目の下に隈を作って、憔悴しきった顔をした君が玄関から顔を出した途端、僕は、やっと君の顔が見られた安堵と、これから先の未来のことを考えて泣きたくなった。
本当に大きな声を上げて、泣きたかった。でも、機械の体には、流すべき水分がなかった。
代わりに、僕は、君を抱きしめた。少しでも、僕の気持ちが君に伝わるように願いながら。
その願いが天に届いたのかはわからないけれど、君は、突然やってきたヒューマノイドをすんなりと受け入れてくれた。
テスト用に入れてあった、僕のボイスデータを用いて君と会話をしたことで、君は1号のことを僕だとさらに強く認識したのかもしれない。

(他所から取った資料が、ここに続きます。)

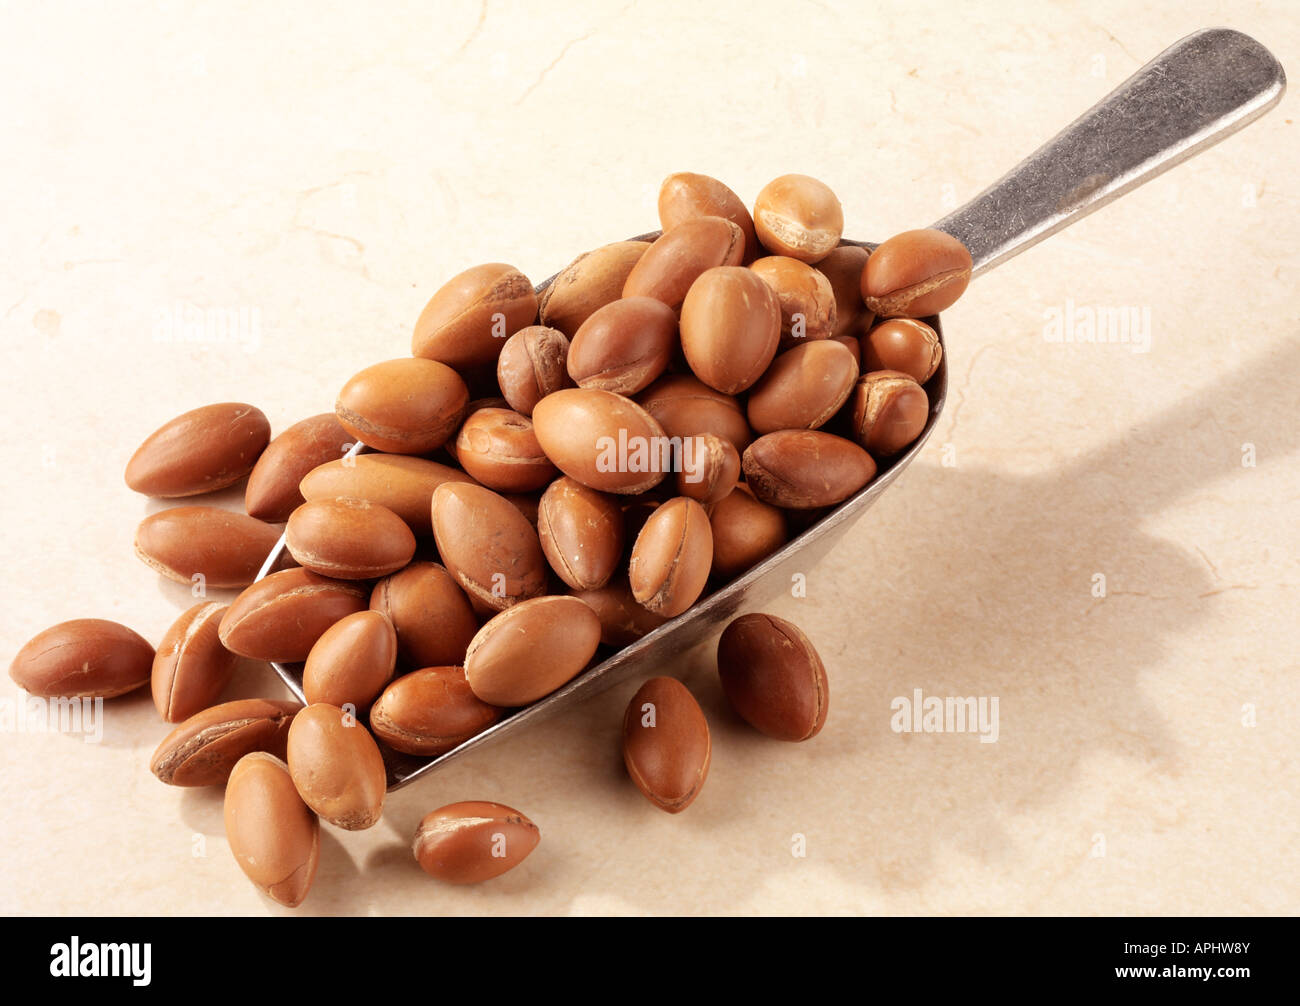 MOROCCAN ARGAN NUTS Stock Photo
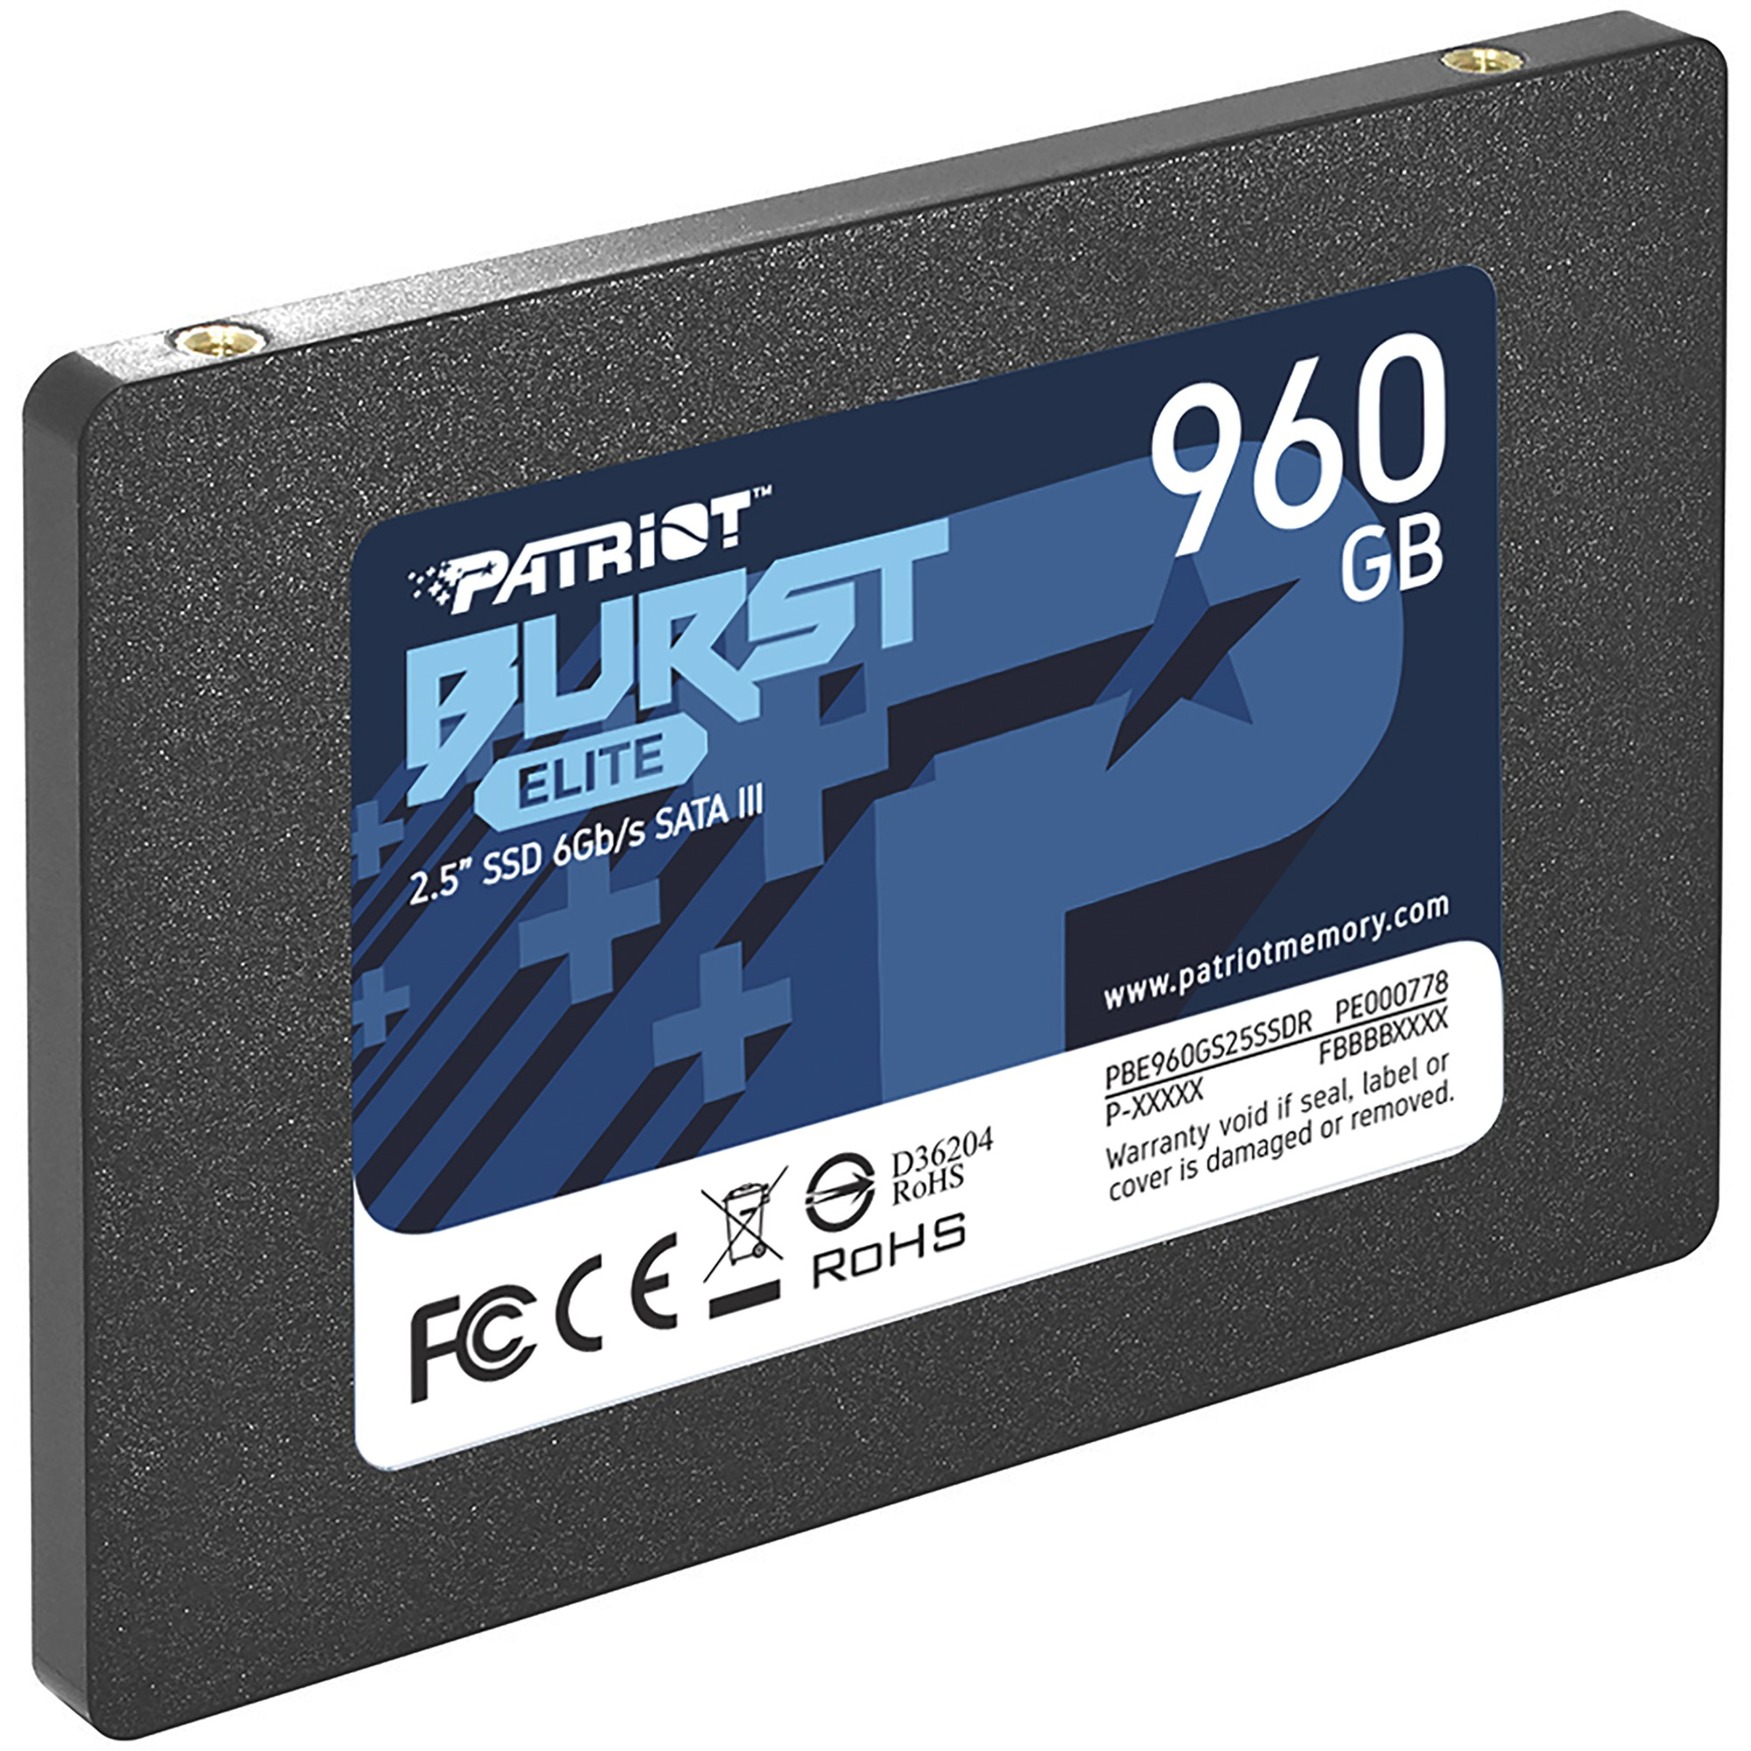 Burst Elite 960 GB, SSD von Patriot

この辺りのことは、原因はわからないけれど、どうやら、君には1号が僕に見えているようだった。
そして、自宅に戻ってからは、君も知っている通り。
僕は、これまで君に対してわがまま放題に生活してきたから、少しでも君のために何かしたかった。
慣れない家事をしてみたり、君と並んでテレビを見たり、手を繋いで眠りについたり……
君が気づいていた通り、実際には、僕はベッドでは眠ってはいないのだけれどね。
僕は、毎晩君が眠りにつくと、リビングで、1号を待機モードにしていたんだ。
内蔵バッテリーに大きな損傷を負っている1号で、少しでも長く、君との生活が続けられるようにね。
ねぇ、柚季。
僕は、この一週間、とても幸せだったよ。
だから、君と生活を続ける中で、僕はどのように君に事実を打ち明けるべきか、とても悩んだ。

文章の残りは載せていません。